Where to find these logs:

Pod: ddcs-*
Location: DDCS Pod
Application: DDCS/RocksDB
Description: Errors indicating RocksDB cannot open the database

# LEVEL: Error/Fatal
# SOURCE: DDCS/RocksDB
kubernetes.pod_name: ddcs-* and
message: "*failed to open rocksdb database*"

Metric Signals#

ddcs_m_adapter_error_total{kind="rocks_io_error"}

RocksDB I/O errors are tracked through the ddcs_m_adapter_error_total metric with kind="rocks_io_error". This metric counts I/O errors reported by RocksDB during database operations. High values or sharp increases indicate disk I/O failures or data corruption that may prevent the database from reading or writing data correctly.

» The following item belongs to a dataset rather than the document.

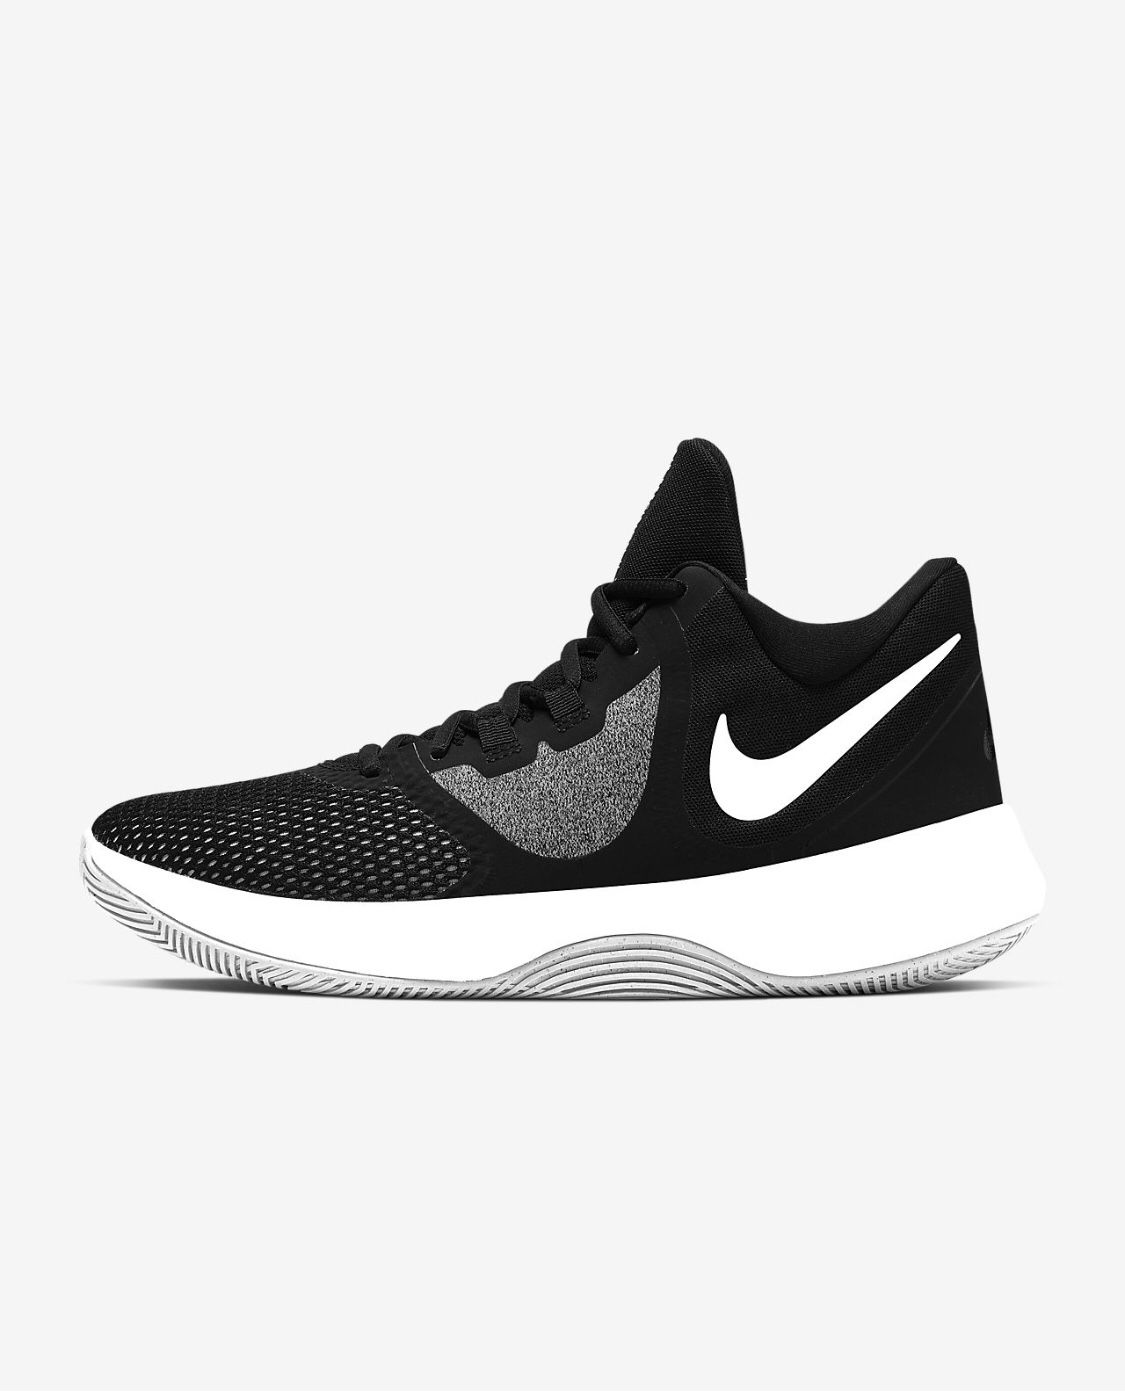 Nike Air Precision II Basketball Shoes Men size 9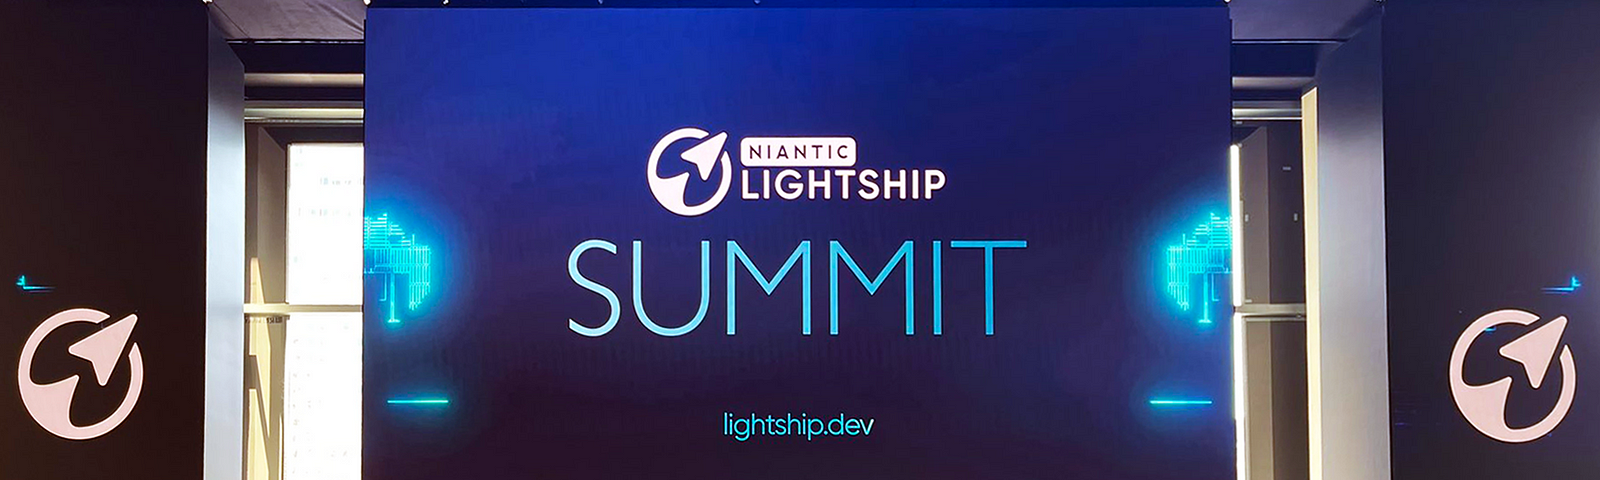 The opening of Niantic Lightship Summit 大會開幕

Sustained I/O errors typically precede database corruption and service failures.

Root Cause Analysis#

Known Causes#

RocksDB corruption in DDCS is typically caused by unclean shutdowns, disk errors, or software bugs.

Unclean Shutdowns#

Unclean shutdowns occur when DDCS pods are terminated abruptly without allowing RocksDB to flush data and close the database properly. This can happen during node failures, forced pod deletions, or OOM kills. When RocksDB cannot close cleanly, WAL files or SST files may be left in an inconsistent state, causing corruption.

Check for unclean shutdowns:

kubectl describe pod -n ddcs <ddcs-pod-name> | grep -A 10 "Events:"
kubectl get pods -n ddcs -l app.kubernetes.io/instance=ddcs -o wide
# Look for termination reasons: OOMKilled, Evicted, NodeShutdown

kubectl get events -n ddcs --sort-by='.lastTimestamp' | grep -i "evict\|kill\|terminate"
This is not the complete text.